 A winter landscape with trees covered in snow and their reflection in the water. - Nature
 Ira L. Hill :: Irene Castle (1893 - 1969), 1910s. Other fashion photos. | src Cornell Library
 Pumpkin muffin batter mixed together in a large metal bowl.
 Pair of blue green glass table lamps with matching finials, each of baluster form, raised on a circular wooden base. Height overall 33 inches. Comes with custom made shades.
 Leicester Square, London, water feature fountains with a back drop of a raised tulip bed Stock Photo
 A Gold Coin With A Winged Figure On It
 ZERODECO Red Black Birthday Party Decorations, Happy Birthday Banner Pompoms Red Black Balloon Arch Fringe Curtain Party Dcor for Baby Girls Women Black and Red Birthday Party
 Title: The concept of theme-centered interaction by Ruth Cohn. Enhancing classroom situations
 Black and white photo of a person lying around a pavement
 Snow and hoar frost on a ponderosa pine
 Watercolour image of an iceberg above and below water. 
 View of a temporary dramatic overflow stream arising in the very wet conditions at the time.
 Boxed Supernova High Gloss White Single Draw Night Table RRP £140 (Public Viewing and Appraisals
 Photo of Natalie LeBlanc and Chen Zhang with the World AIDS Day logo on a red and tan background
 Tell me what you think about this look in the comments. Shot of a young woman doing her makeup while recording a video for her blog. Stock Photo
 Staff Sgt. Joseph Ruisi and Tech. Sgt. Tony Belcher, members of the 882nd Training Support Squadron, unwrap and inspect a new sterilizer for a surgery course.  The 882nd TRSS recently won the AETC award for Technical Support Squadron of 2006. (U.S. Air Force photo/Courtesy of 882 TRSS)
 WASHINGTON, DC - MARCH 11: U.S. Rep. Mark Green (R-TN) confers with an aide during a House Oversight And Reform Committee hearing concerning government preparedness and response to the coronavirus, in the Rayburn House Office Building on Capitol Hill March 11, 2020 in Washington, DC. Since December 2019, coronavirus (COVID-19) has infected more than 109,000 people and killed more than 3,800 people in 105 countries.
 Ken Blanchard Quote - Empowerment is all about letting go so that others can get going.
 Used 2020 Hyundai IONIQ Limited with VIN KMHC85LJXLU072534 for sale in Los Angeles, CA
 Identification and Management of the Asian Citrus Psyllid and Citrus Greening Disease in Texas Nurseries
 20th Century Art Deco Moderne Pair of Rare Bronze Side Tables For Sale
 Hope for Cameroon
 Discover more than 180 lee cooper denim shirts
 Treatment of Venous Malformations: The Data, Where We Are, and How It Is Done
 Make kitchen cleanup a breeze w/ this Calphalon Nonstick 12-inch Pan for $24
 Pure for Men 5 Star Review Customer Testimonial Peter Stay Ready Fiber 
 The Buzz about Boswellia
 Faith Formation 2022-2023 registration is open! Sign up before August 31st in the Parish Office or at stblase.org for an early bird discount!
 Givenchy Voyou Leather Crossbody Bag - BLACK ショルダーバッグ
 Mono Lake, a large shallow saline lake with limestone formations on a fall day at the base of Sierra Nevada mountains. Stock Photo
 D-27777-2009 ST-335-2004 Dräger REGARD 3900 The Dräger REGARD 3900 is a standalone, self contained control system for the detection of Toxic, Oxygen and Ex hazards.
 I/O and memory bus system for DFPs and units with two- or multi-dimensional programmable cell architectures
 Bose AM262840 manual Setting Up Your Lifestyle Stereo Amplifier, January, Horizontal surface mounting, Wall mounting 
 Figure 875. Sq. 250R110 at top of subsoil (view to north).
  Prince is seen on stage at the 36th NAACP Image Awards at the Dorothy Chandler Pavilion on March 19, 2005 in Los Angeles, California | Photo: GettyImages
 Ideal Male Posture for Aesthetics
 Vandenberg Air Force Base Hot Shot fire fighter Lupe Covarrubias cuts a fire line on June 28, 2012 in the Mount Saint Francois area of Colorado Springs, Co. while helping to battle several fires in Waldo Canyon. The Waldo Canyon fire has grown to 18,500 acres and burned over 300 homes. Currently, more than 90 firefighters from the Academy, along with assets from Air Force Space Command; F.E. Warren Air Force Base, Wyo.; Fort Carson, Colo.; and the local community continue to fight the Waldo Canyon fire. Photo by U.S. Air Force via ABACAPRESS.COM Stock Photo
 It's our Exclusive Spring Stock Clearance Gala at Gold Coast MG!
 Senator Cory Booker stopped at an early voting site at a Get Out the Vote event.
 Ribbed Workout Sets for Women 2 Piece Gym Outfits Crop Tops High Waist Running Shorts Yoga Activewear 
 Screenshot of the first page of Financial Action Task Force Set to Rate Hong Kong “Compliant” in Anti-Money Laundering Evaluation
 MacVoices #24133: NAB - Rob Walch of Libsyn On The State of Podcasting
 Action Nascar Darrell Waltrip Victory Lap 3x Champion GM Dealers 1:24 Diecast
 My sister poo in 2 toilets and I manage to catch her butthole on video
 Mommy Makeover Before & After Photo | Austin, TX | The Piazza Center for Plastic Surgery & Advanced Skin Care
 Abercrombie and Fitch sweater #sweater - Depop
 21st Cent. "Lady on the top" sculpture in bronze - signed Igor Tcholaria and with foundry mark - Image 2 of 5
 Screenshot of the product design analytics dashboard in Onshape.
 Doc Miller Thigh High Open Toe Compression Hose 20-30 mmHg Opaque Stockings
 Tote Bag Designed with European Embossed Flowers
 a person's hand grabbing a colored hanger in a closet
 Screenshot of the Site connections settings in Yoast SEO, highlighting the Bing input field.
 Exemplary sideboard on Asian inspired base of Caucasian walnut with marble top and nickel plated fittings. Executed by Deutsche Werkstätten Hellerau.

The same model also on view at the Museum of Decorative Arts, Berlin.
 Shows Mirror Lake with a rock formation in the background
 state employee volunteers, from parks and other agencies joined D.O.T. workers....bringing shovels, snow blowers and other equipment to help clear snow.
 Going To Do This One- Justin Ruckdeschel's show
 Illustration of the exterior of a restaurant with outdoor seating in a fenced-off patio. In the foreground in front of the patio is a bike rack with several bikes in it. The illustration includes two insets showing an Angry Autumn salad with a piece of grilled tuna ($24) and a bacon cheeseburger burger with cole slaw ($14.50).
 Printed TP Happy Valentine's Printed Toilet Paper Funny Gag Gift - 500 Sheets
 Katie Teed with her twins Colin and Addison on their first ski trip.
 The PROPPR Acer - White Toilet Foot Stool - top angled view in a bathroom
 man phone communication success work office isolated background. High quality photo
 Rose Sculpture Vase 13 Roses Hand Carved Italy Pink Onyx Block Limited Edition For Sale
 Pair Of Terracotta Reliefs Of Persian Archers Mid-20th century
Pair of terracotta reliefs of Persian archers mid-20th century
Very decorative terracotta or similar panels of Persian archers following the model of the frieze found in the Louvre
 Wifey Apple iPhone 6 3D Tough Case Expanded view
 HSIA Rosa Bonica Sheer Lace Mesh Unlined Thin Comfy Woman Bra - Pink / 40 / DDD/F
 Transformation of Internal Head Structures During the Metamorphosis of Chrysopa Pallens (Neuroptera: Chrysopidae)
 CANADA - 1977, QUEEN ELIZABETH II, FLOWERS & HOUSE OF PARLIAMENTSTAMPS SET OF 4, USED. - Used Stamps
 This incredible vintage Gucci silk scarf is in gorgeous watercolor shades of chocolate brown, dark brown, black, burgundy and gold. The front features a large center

**TASK GOAL**
Please reproduce, exactly as they appear above, the lines from the line containing "Tote Bag Designed" up to and including the line containing "Exemplary sideboard on".

**ANSWER SPACE**
 Tote Bag Designed with European Embossed Flowers
 a person's hand grabbing a colored hanger in a closet
 Screenshot of the Site connections settings in Yoast SEO, highlighting the Bing input field.
 Exemplary sideboard on Asian inspired base of Caucasian walnut with marble top and nickel plated fittings. Executed by Deutsche Werkstätten Hellerau.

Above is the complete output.